Рачковский пристально посмотрел на него:
— И что же дальше?
— Сейчас его колебания могут привести к желательному вам решению. Есть совершенно новое обстоятельство: у него возник явный конфликт с руководством его партии, и особенно с её боевой организацией.
— А разве он сейчас видится с ними? — быстро спросил Рачковский.
— За последнее время несколько раз ездил в Гельсингфорс и только что оттуда. Зачем бы ему туда ездить?
Рачковский молчал. Он знал об этих поездках Рутенберга и что тот встречался с Азефом и Савинковым. Знал от самого Азефа. Другое дело, можно ли быть уверенным, что Азеф сообщил всю правду о переговорах? Рачковский допускал, что Азеф может обманывать и его…
— Ну и что же? — пожал он плечами. — Мало ли зачем он туда ездил. Не думаю, чтобы он вам об этом докладывал.
— Но каждый раз, возвращаясь оттуда, — оживился Гапон, — он немилосердно ругал своих лидеров, называл их тряпичными революционерами, потерявшими всякое представление о том, что происходит в России.
Рачковский снова молчал.

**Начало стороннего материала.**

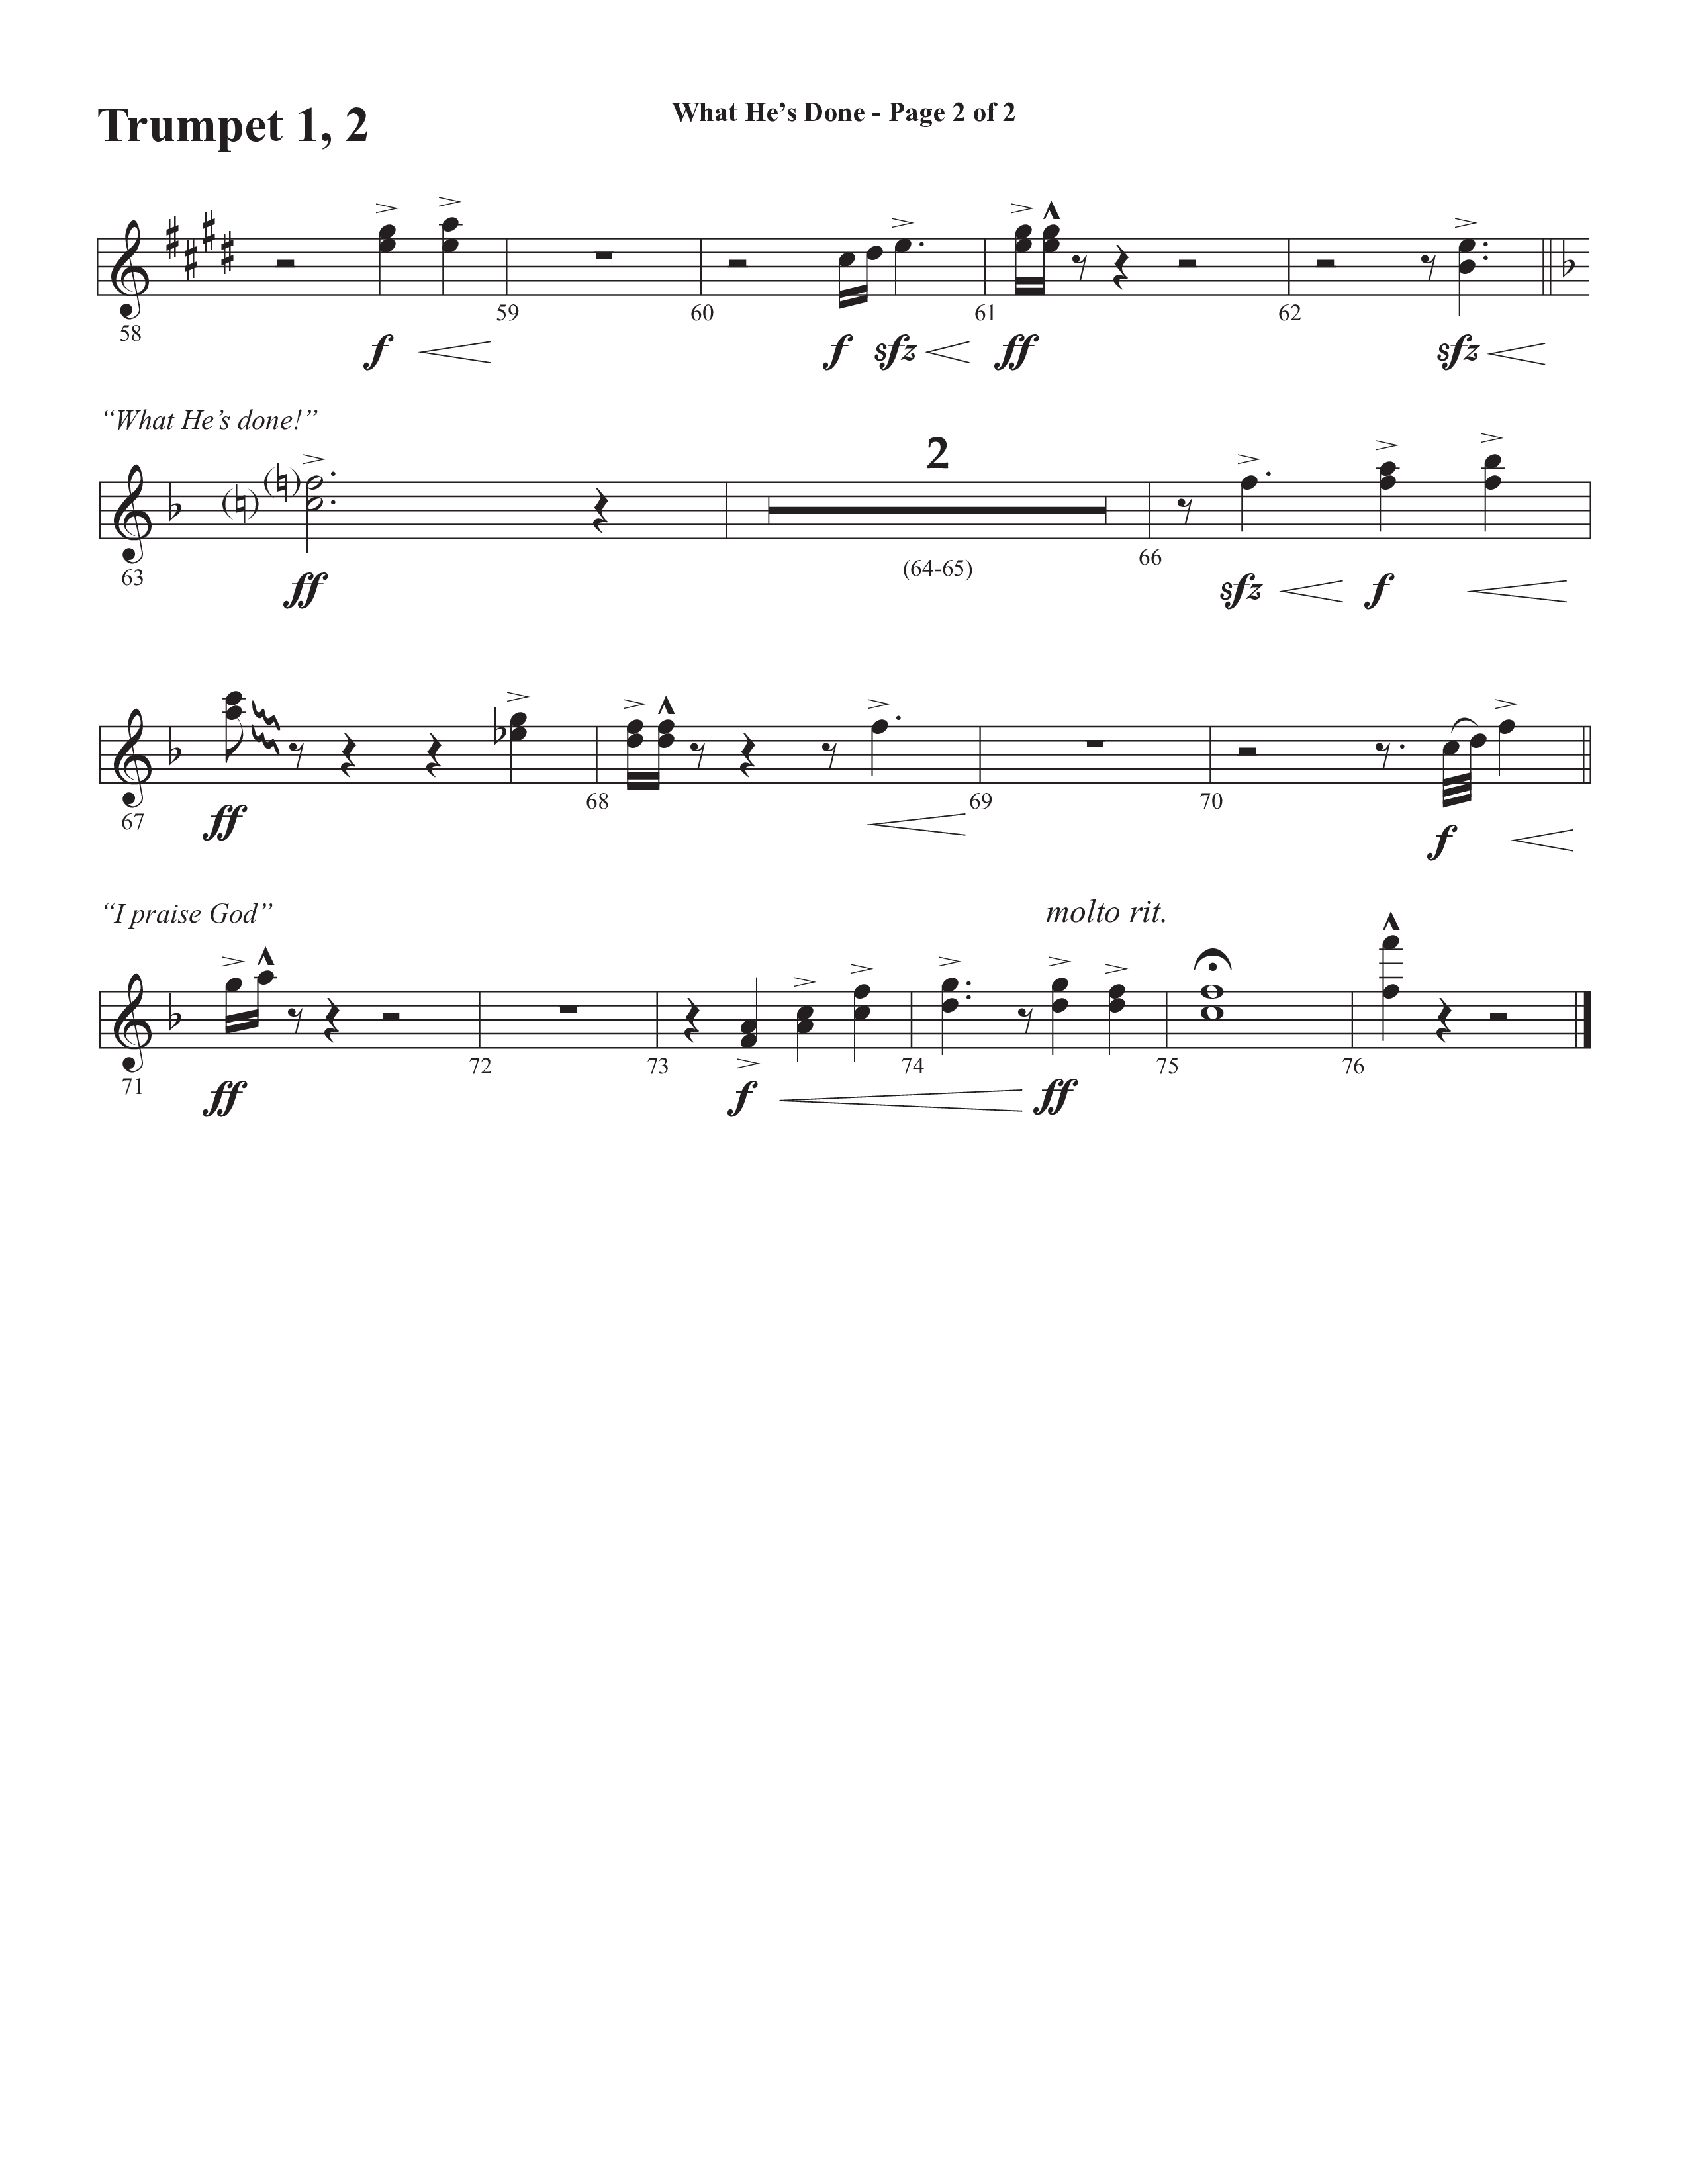 What He's Done (Choral Anthem SATB) Trumpet 1,2 (Semsen Music / Arr. Cliff Duren)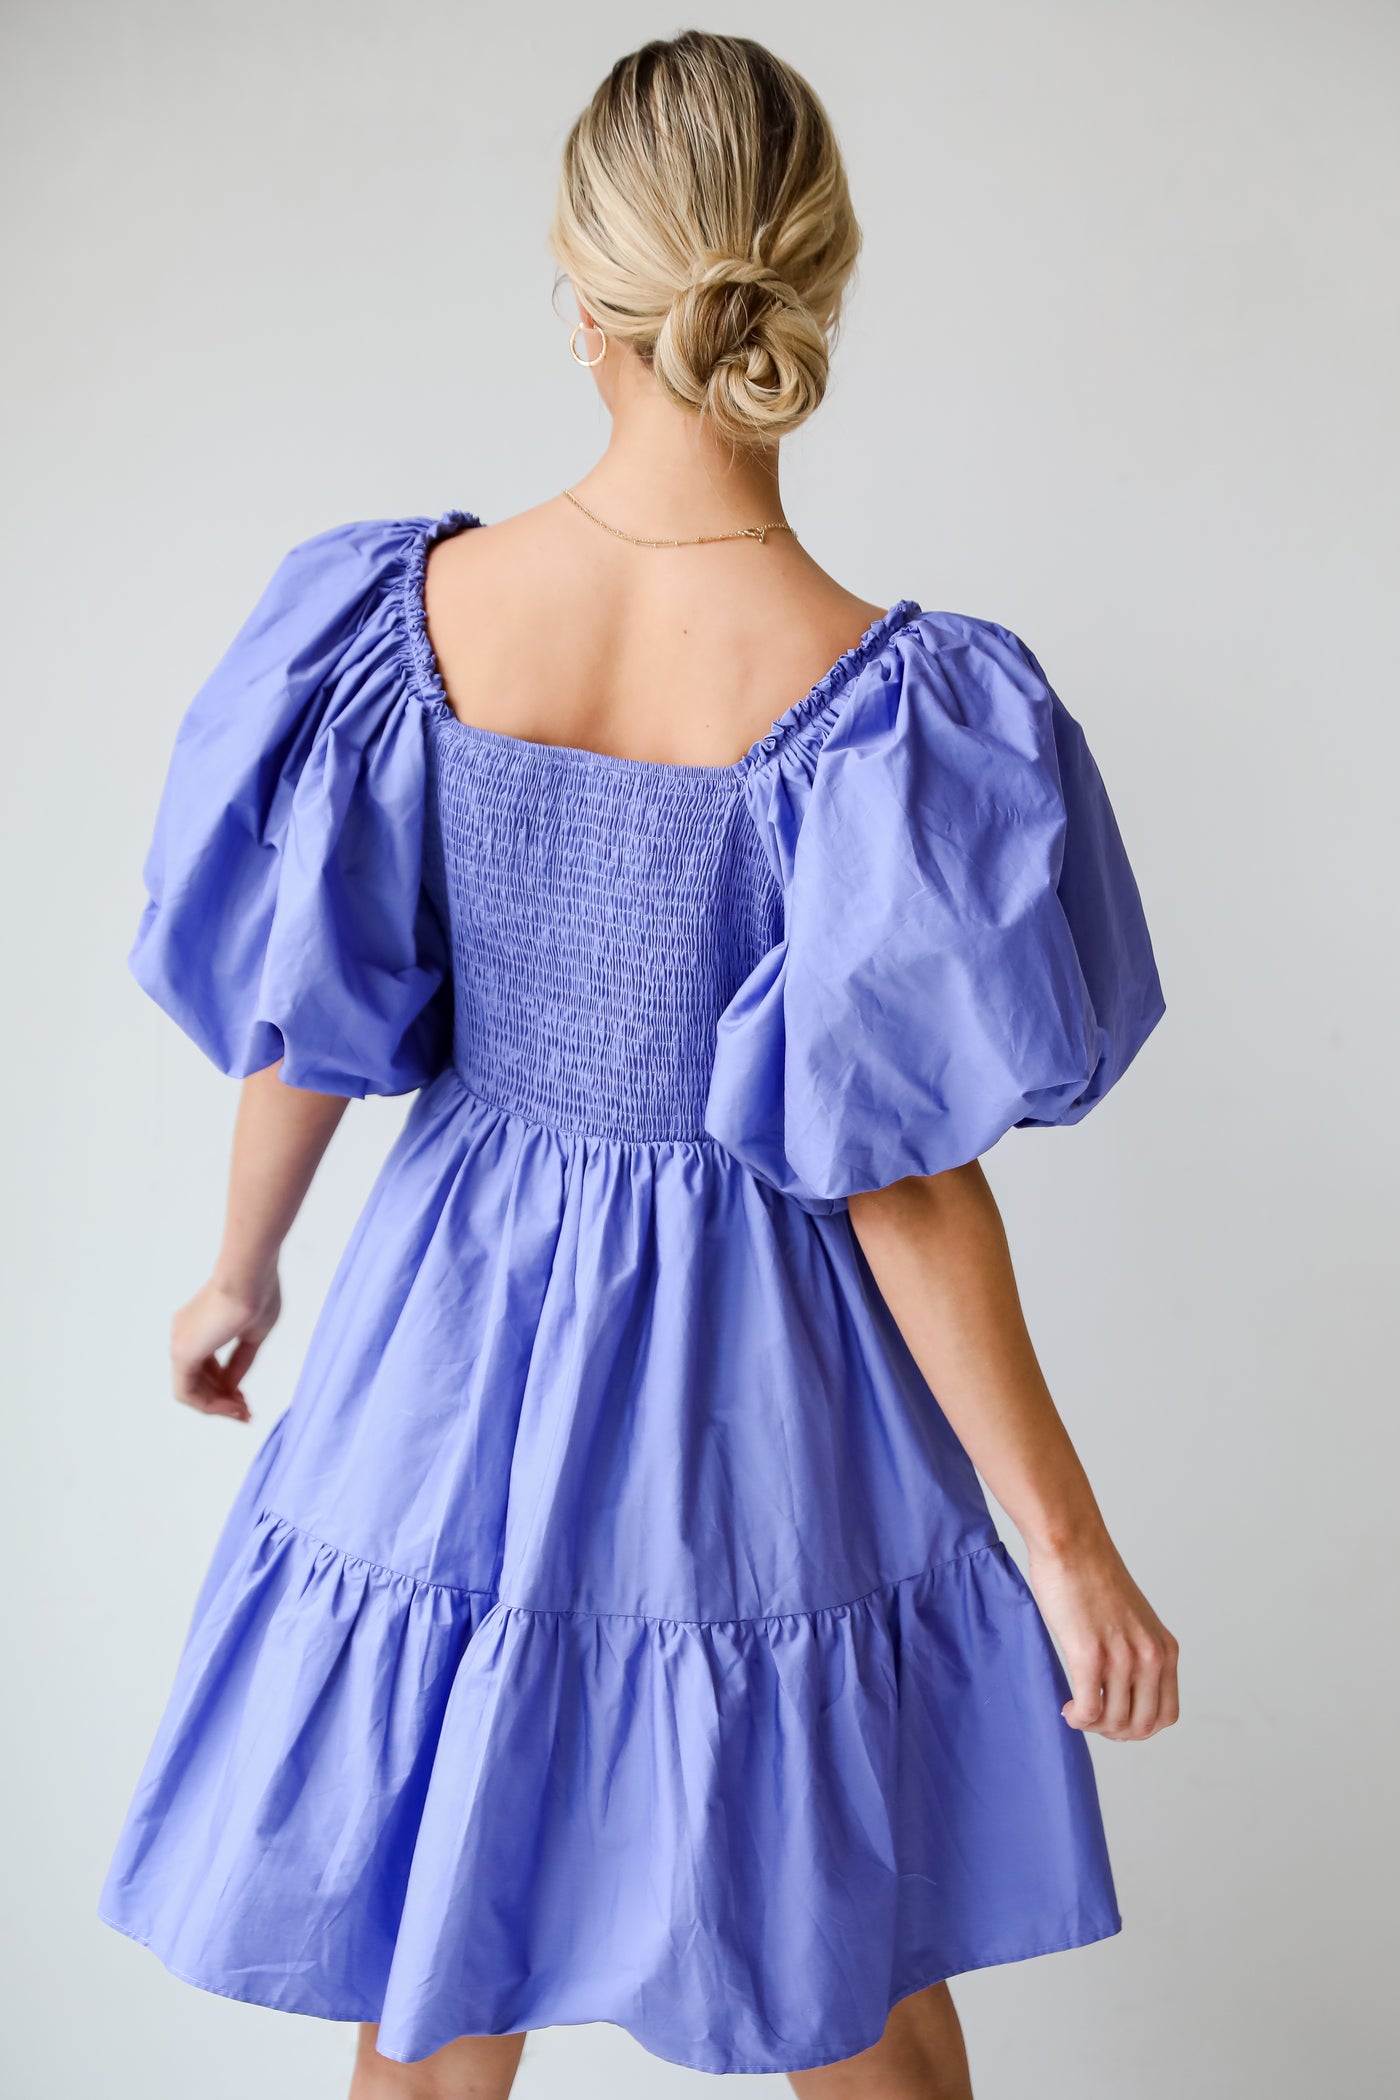 Dreamiest Darling Lilac Puff Sleeve Babydoll Mini Dress cute babydoll dress

У него в столе лежало донесение Азефа, в котором тот всячески поносил лидера партии эсеров Чернова, называл его безнадёжным политическим импотентом. Мол, даже рыбу он ловит на искусственных мух. Зная, что Чернов — истовый рыболов, Рачковский искренне посмеялся, прочитав это, и отдал должное острому языку Азефа. Но Азеф так же может продать и его самого…
Рачковский удивлённо глянул на Гапона: «А он, оказывается, может улавливать истину, казалось бы, ему недоступную. Но точно ли он видит и чувствует Рутенберга?»
Гапон будто подслушал его мысли:
— Поверьте, Рутенберг стоит на грани согласия пойти вам навстречу, но каждый раз подчёркивает, что это будет стоить вам очень дорого. Последнее время он уже не раз делился со мной своей мечтой пожить спокойно и в достатке где-нибудь в Крыму, а ещё лучше — за границей. Он уже сейчас покупает дачу, говорит, запишу её на имя жены — пусть у нас будет ещё и такой запасной уголок для тихой жизни.
Рачковский снова вспомнил донесение Азефа, в котором тот давал ему совет не преувеличивать опасность Рутенберга как революционера. По его наблюдениям, он устал от борьбы и политики и, если бы у него были средства, немедля поменял бы политику на обеспеченную жизнь мещанина.
— Но как же всё-таки это наше дело будет развёртываться дальше? — спросил Рачковский.
— Мне кажется, лучше всего нам встретиться втроём и поговорить напрямую. Кстати, Мартын настойчиво просил меня передать вам, что Иванов приступает к делу.
Рачковский покачал головой:
— В вашем присутствии он на решающий разговор не пойдёт.
— А если так? — дёрнулся Гапон. — Мы придём вдвоём, а в нужный момент я вас оставлю с ним наедине.
— Я подумаю. Но сначала я жду от вас сообщения, что его колебания кончились.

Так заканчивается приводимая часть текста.